• [How to complete this task] In the records below, the lines between the one holding "تحقیقات کیفی در" and the one holding "Chem-X Trucker Hat: Richardson", inclusive, are to be transcribed exactly; no pictures are to be included.

• [The data]
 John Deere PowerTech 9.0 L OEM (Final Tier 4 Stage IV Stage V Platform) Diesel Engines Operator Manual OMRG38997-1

==

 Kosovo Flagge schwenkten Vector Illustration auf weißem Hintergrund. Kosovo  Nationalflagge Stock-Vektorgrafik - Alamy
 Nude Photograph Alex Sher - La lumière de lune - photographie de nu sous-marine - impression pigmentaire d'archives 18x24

--

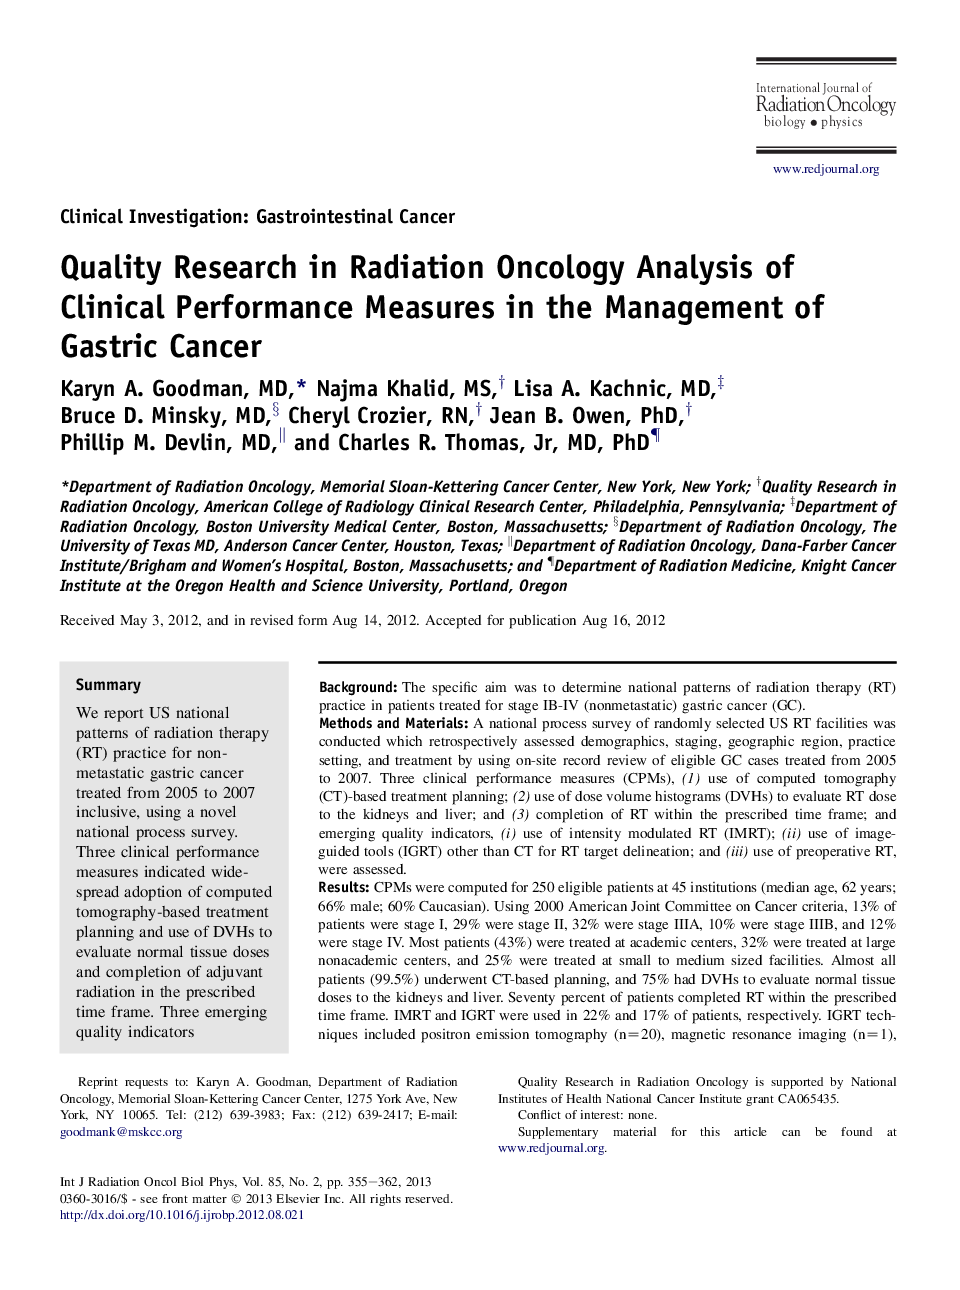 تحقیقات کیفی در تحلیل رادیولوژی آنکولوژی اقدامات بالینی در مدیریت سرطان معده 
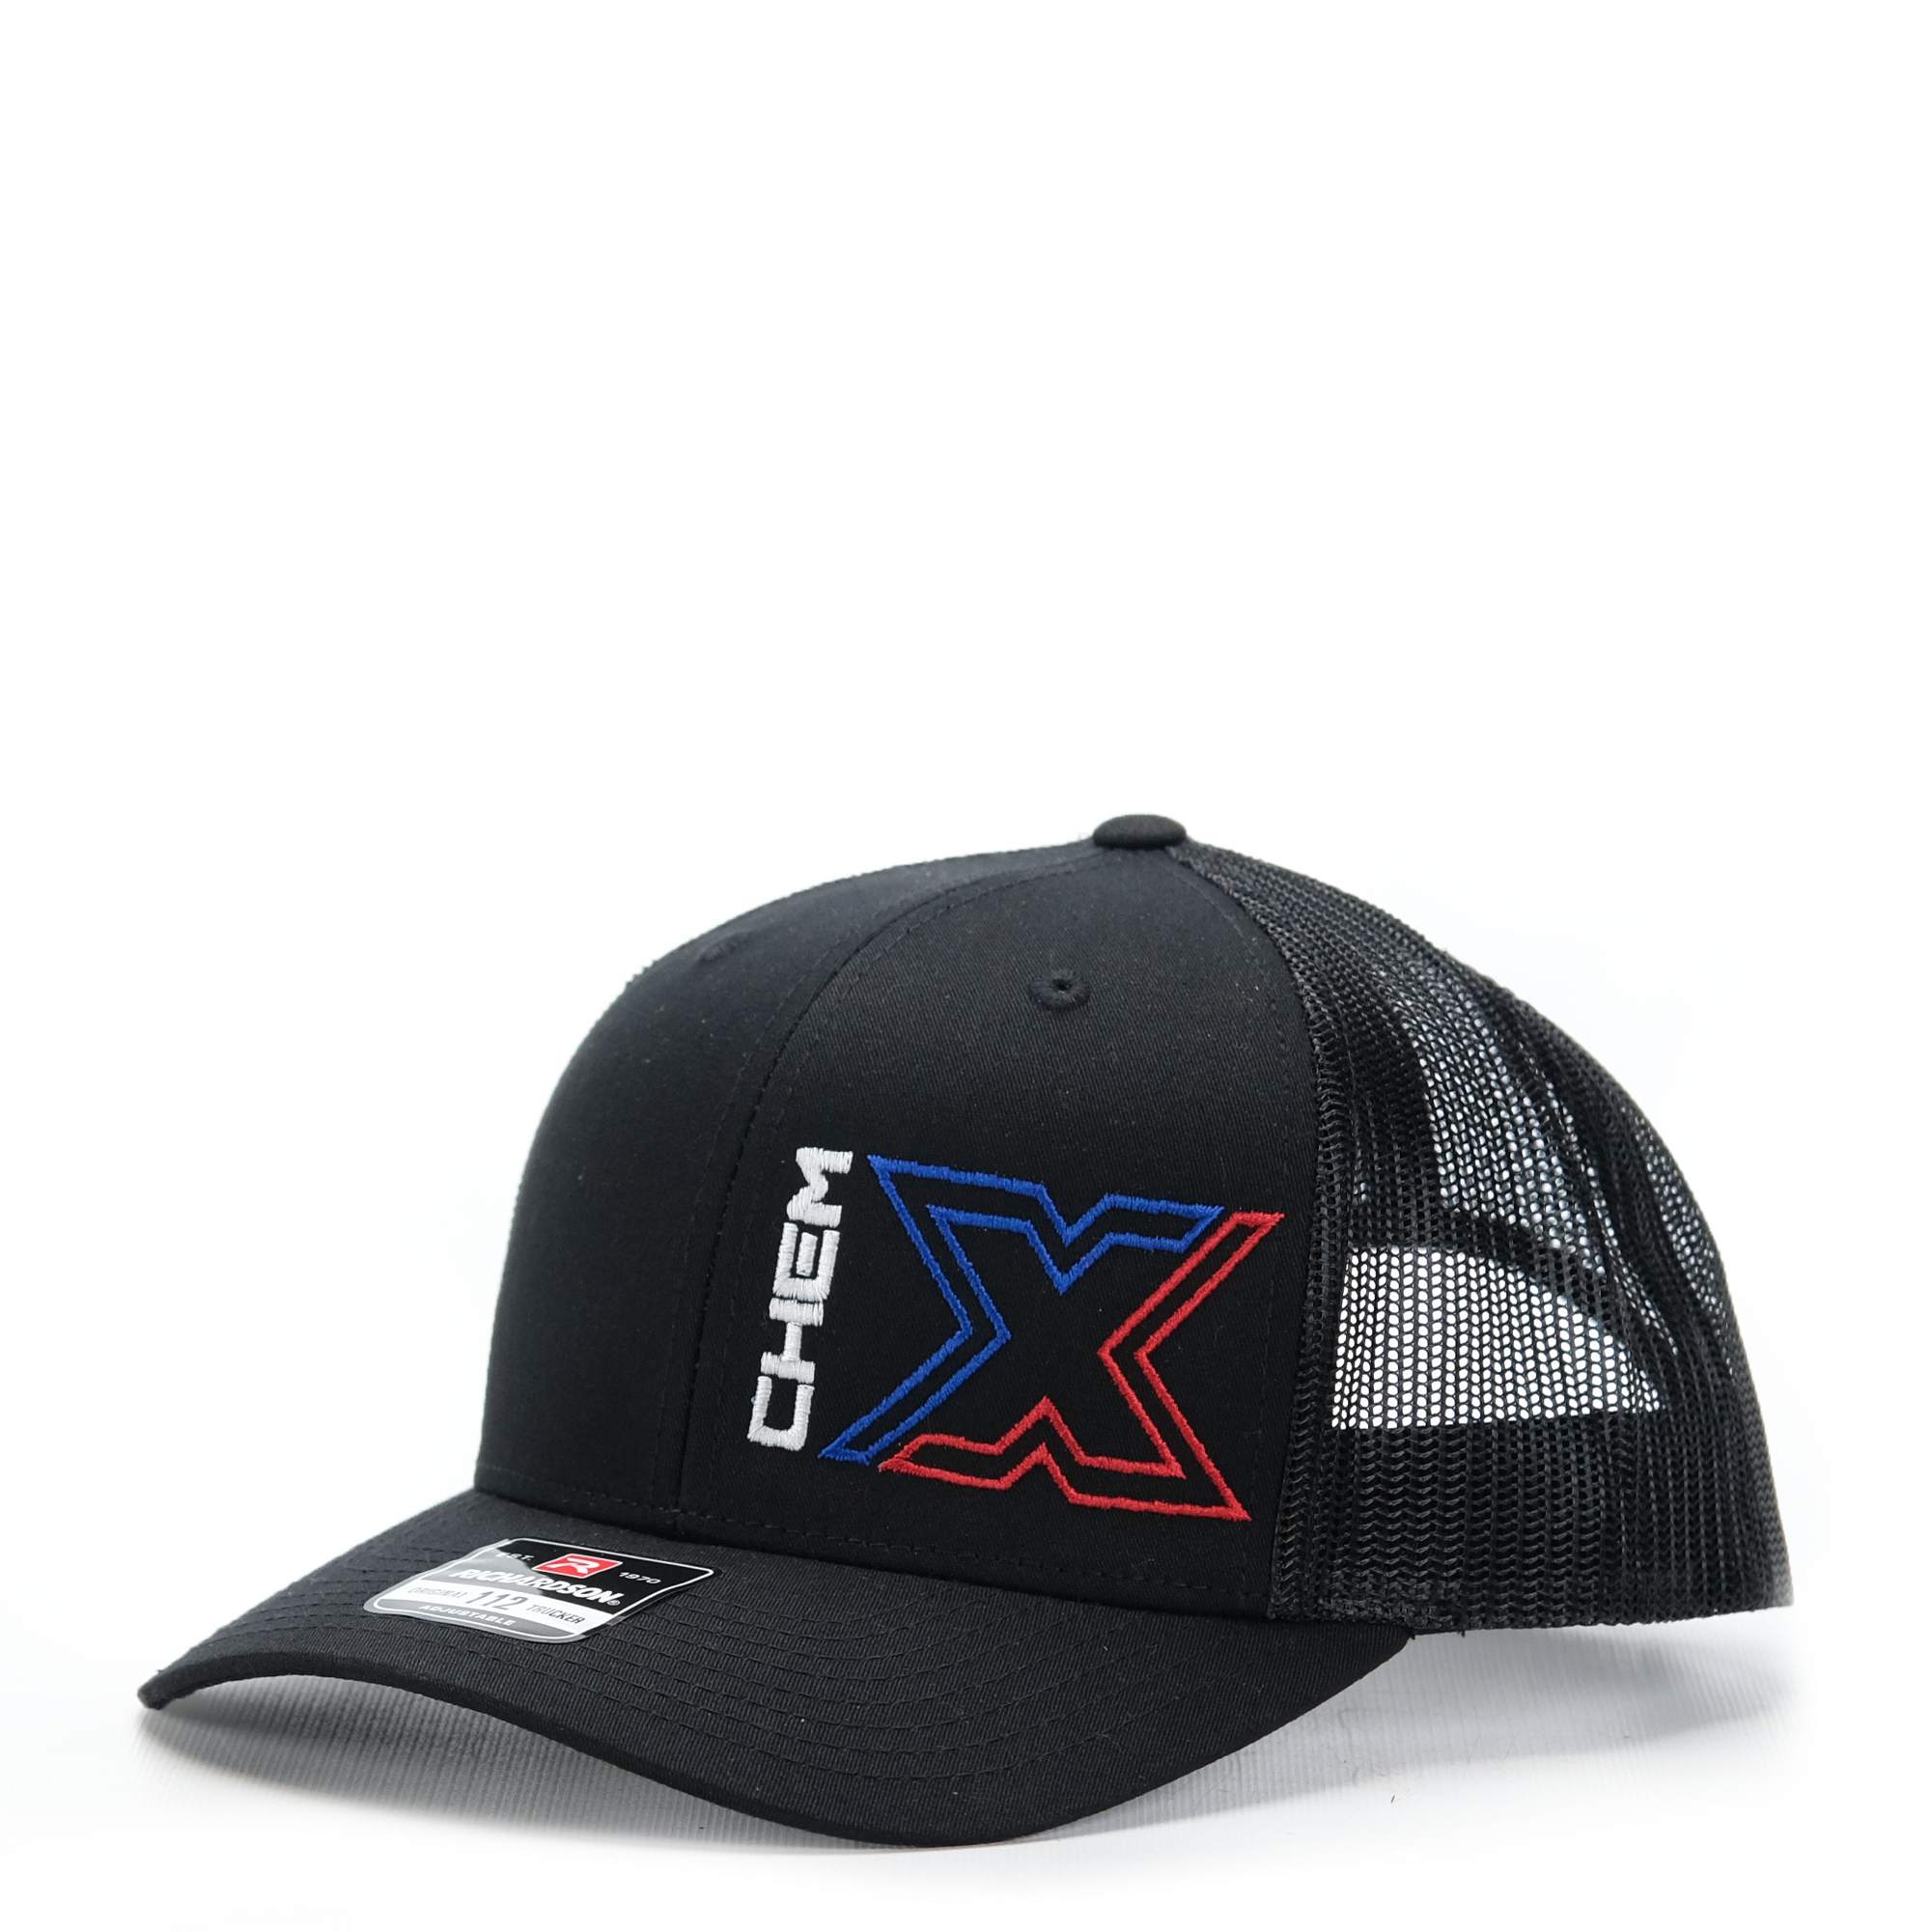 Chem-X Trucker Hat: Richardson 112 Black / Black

• [Response area]
 تحقیقات کیفی در تحلیل رادیولوژی آنکولوژی اقدامات بالینی در مدیریت سرطان معده 
 Chem-X Trucker Hat: Richardson 112 Black / Black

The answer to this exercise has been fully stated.